[[ Given data, beginning ]]
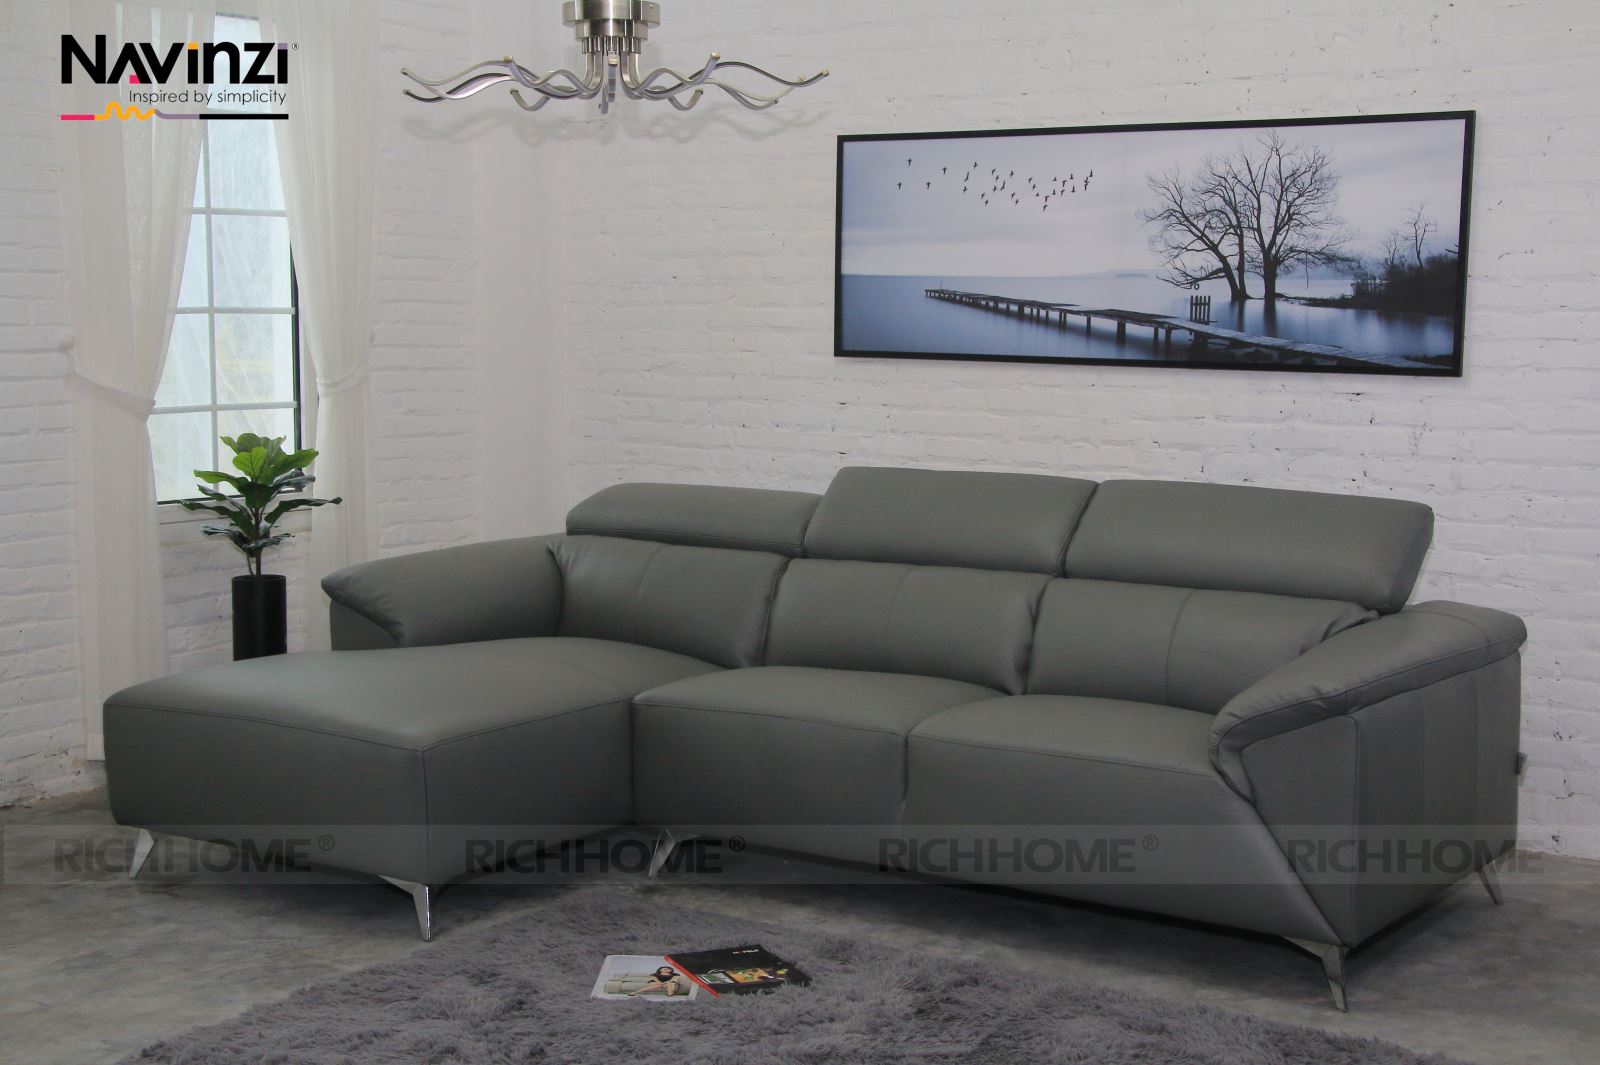 Ghế sofa nhập khẩu chất lượng nhất tại Hà Nội - Ảnh 3
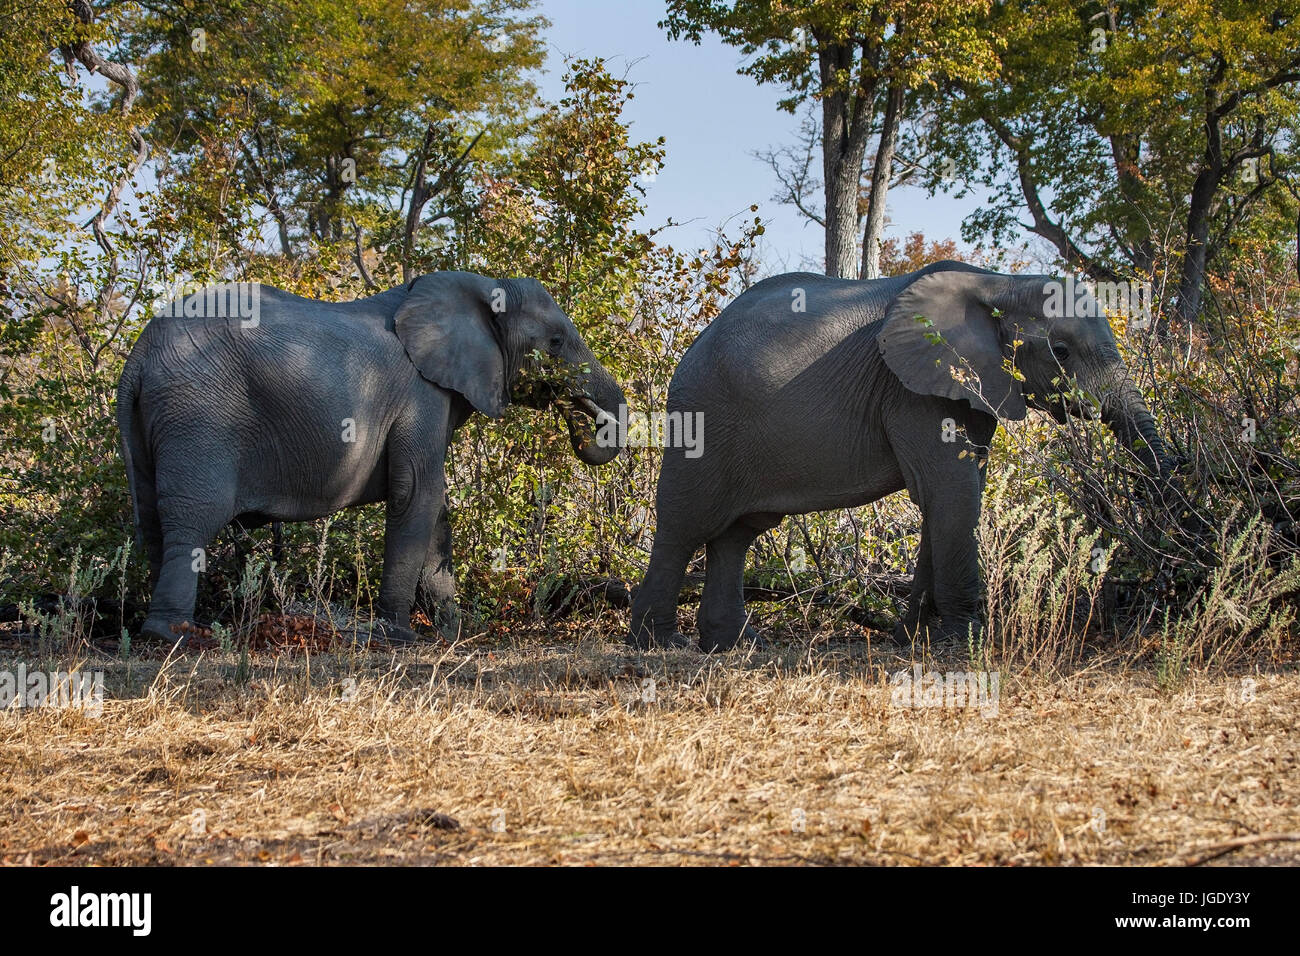 Elephants, Elephantidae Okawango delta, Botswana, Elefanten (Elephantidae) Okawango-Delta Stock Photo
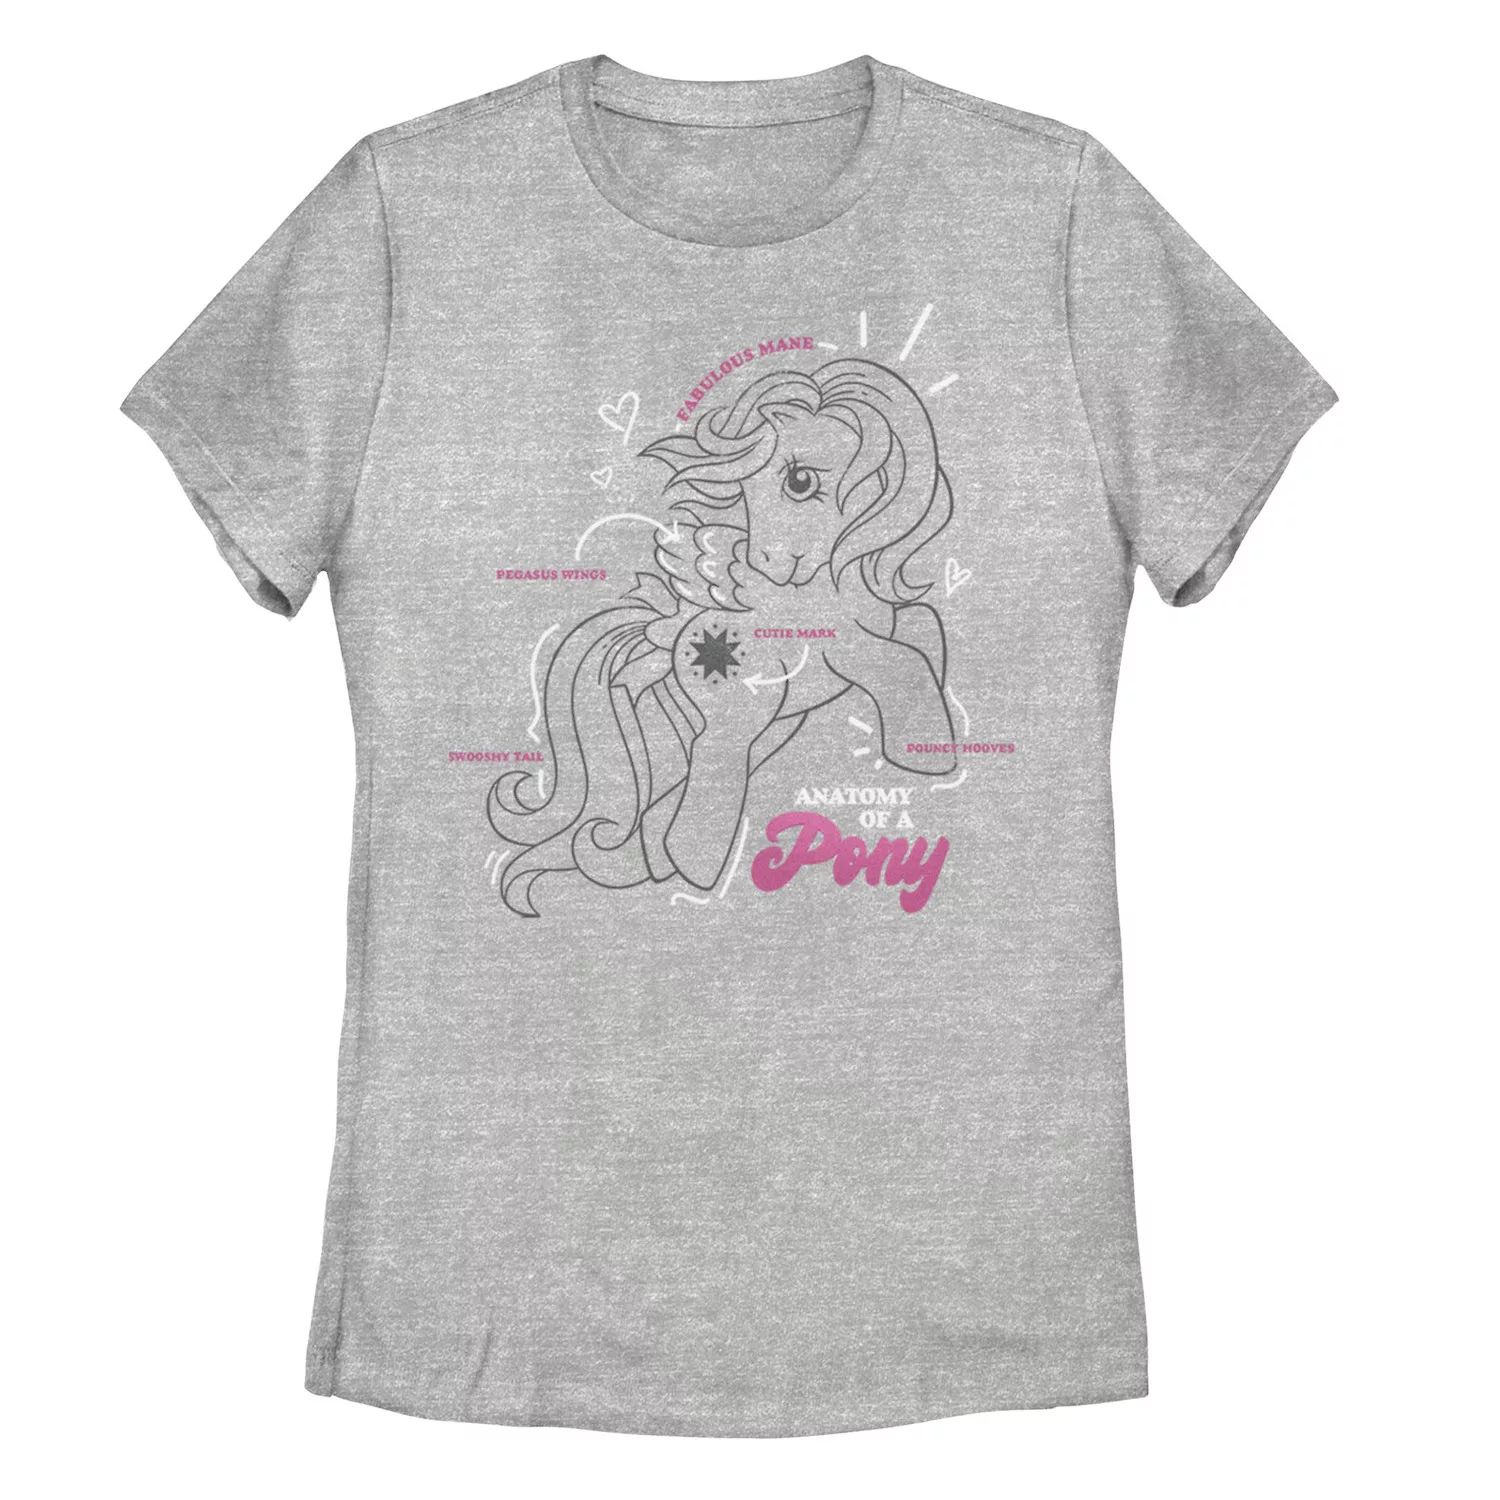 Анатомия футболки с рисунком пони My Little Pony для юниоров My Little Pony термокружка my little pony новое поколение розовая 330 мл фарфор
[[ Given data, end ]]
Would you give the data above again word for word, skipping any images?

 Ghế sofa nhập khẩu chất lượng nhất tại Hà Nội - Ảnh 3
 Elephants, Elephantidae Okawango delta, Botswana, Elefanten (Elephantidae) Okawango-Delta Stock Photo
 Анатомия футболки с рисунком пони My Little Pony для юниоров My Little Pony термокружка my little pony новое поколение розовая 330 мл фарфор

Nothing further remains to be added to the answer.